De bisschop van Roermond beslist over de toelating van de student, die de hele opleiding (minor of major) of de tweejarige route voor docenten wil volgen. Toegelaten kunnen worden rooms-katholieke, kerkelijk praktiserende mannen en vrouwen, die onbesproken zijn van gedrag en verleden, en die zich uit roeping en om bovennatuurlijke motieven willen inzetten voor de Kerk. De student dient te leven in overeenstemming met de morele normen van de Kerk. De gehuwde student dient een goed en stabiel christelijk huwelijk te leiden. De echtgeno(o)t(e) dient akkoord te gaan met het volgen van de opleiding en de (latere) uitoefening van het gewijde ambt respectievelijk de pastorale functie. Zijn/haar gezin dient positief met de Kerk verbonden te zijn.

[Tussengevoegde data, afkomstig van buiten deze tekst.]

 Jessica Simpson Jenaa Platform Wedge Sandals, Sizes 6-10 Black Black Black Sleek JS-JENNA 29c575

Behalve interesse in het leven en de zending van de Kerk, wordt van de student verwacht dat hij/zij in zekere mate op de hoogte is van de katholieke geloofs- en moraalleer en dat hij/zij deze wil onderschrijven; dat hij/zij bekwaam is om met mensen om te gaan en dat hij/zij een behoorlijke algemene ontwikkeling en vooropleiding bezitten (tenminste HAVO / MBO - niveau), c.q. reeds een onderwijsbevoegdheid bezit. Over het algemeen wordt vereist dat de student beroepsmatig werkzaam is of – indien van toepassing - de huishoudelijke zorg draagt voor een gezin. Een goede lichamelijke en psychische gezondheid is vereist. Indien hiertoe aanleiding bestaat kan om een gezondheidsverklaring worden verzocht.

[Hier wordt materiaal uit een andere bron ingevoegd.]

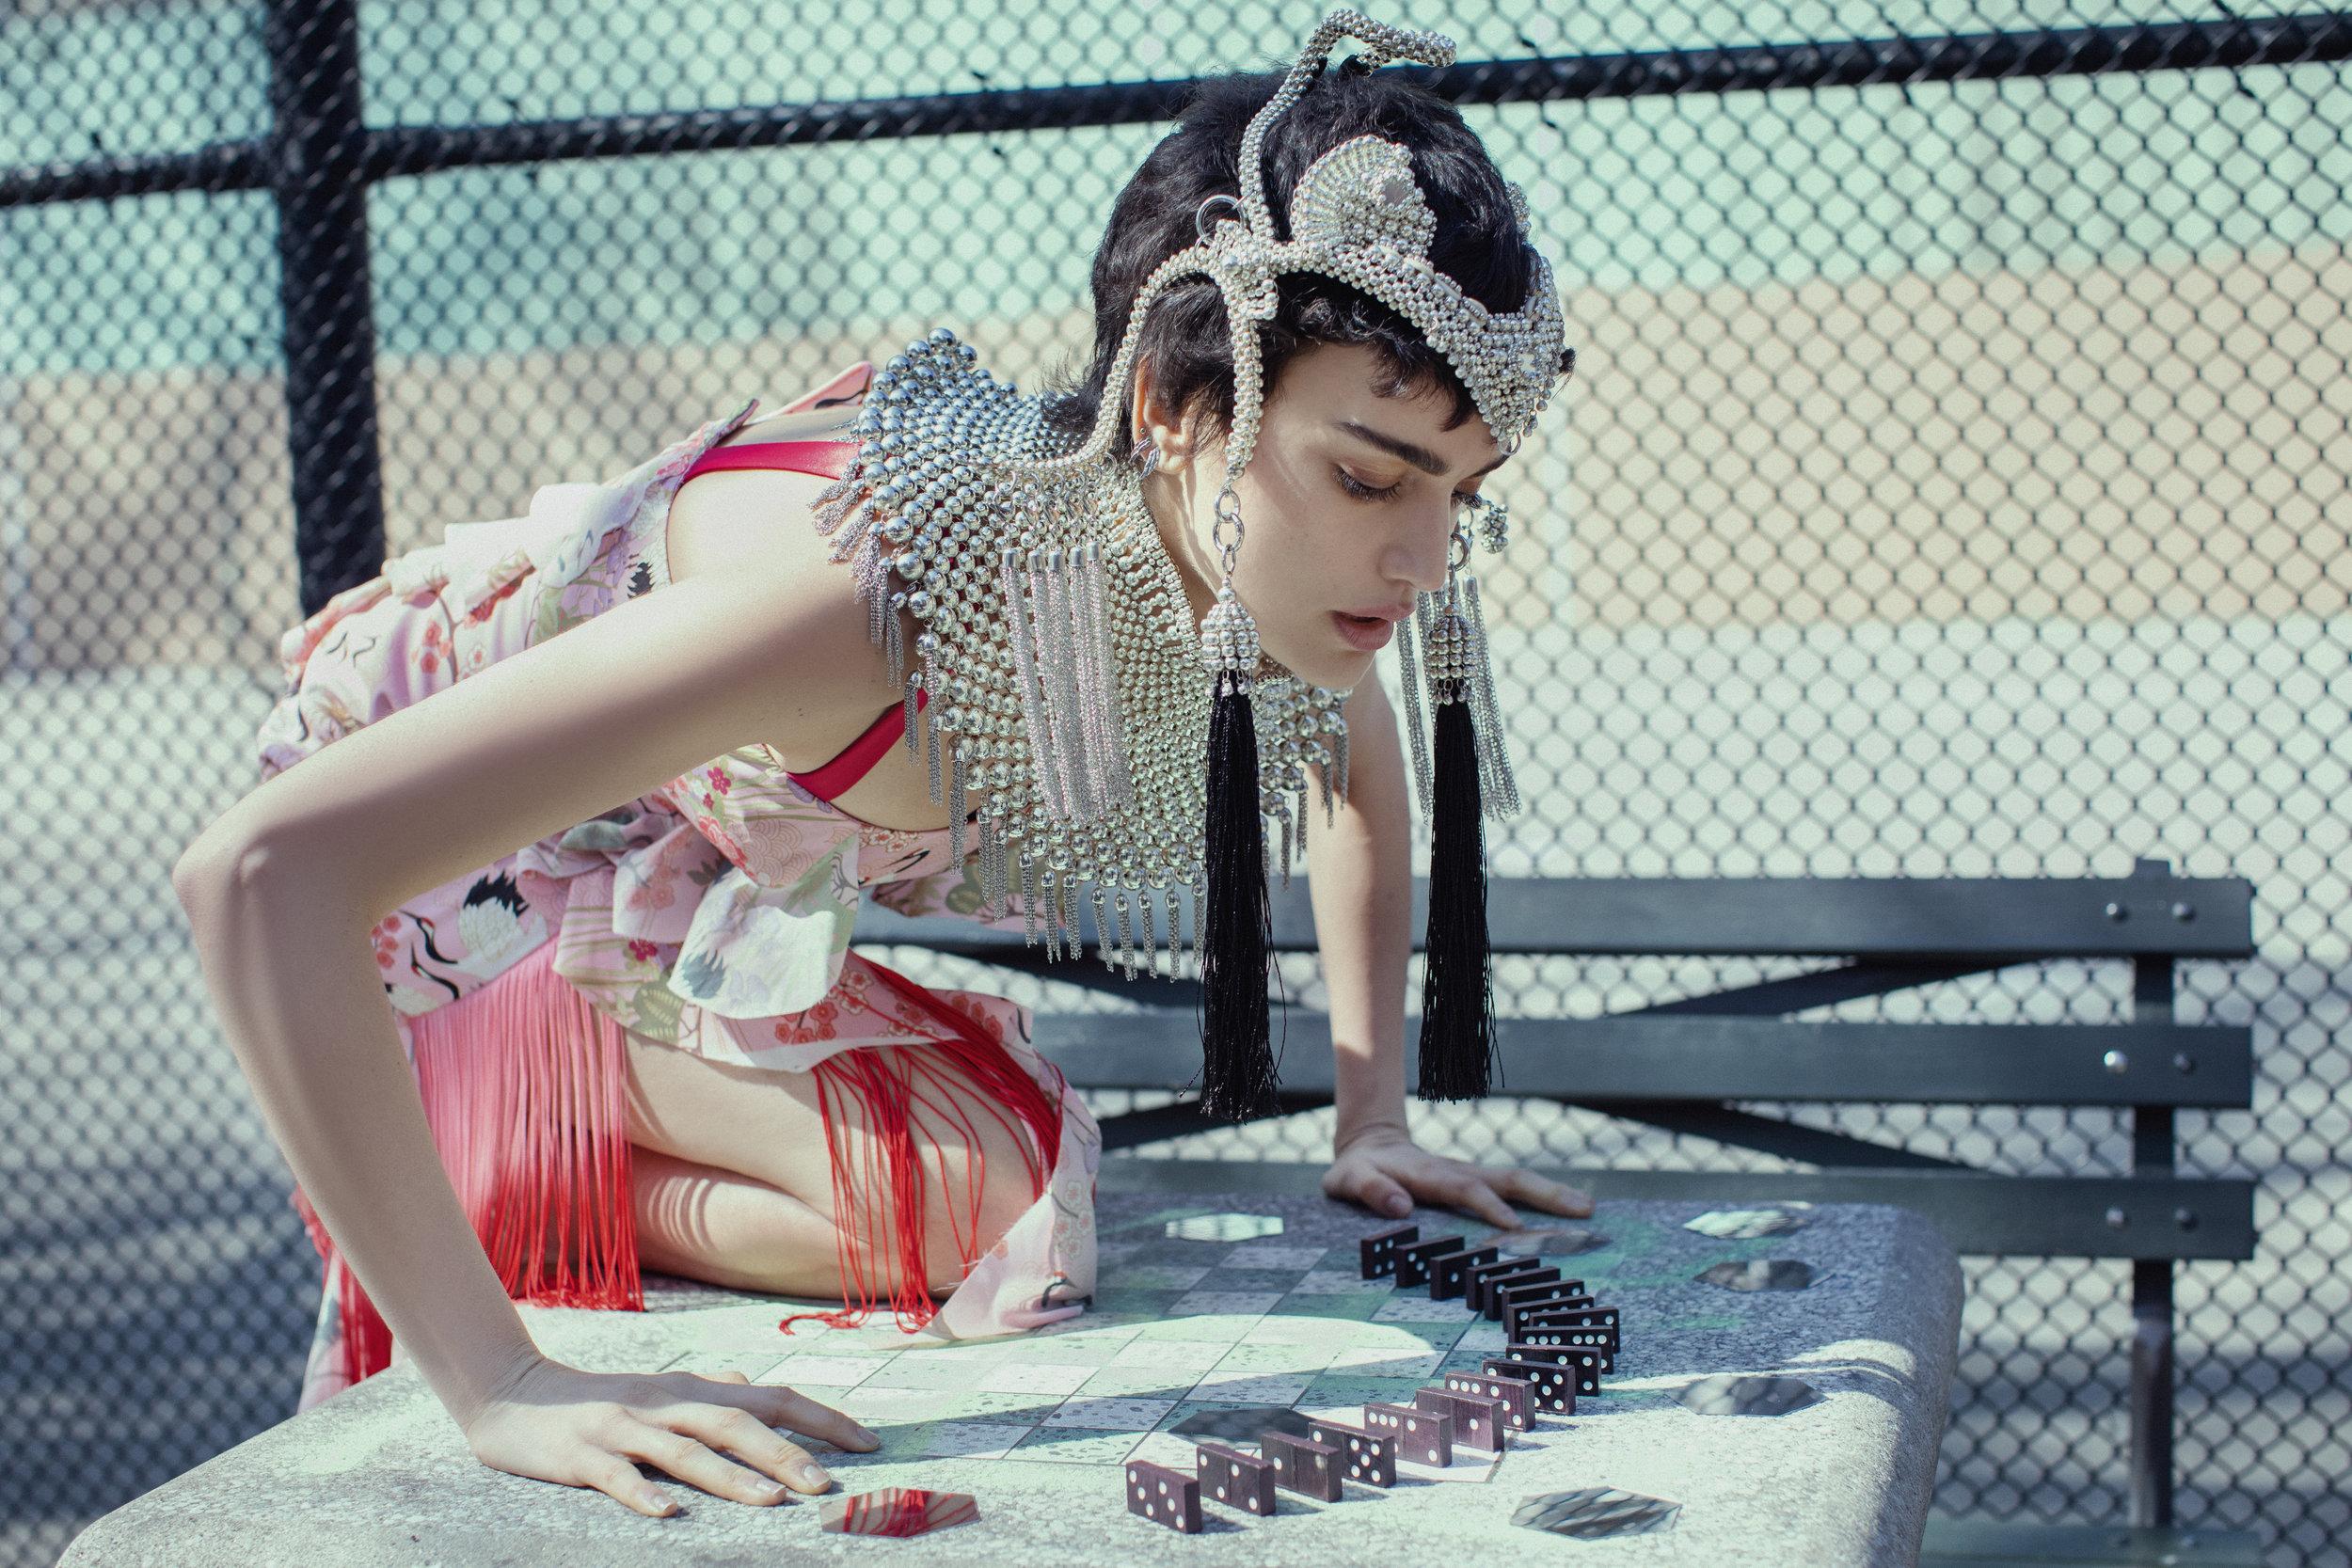 Dress VIDEMUS OMNIA. Collar and headpiece OBJECT & DAWN

Procedure voor toelating tot de opleiding
De student meldt zich aan bij de bisschop of bij de rector van de opleiding. Aannamegesprekken worden gevoerd met de bisschop, de rector en de spirituaal. De student reikt een korte levensloop aan (curriculum vitae), een doop- en vormselbewijs en, indien van toepassing, een kopie van de huwelijksakte, en kopieën van de relevante diploma’s. Verder dient de student de namen van enkele referentiepersonen te noemen. De eigen pastoor wordt ambtshalve gevraagd. Indien de student wordt toegelaten, ontvangt hij een schriftelijke bevestiging.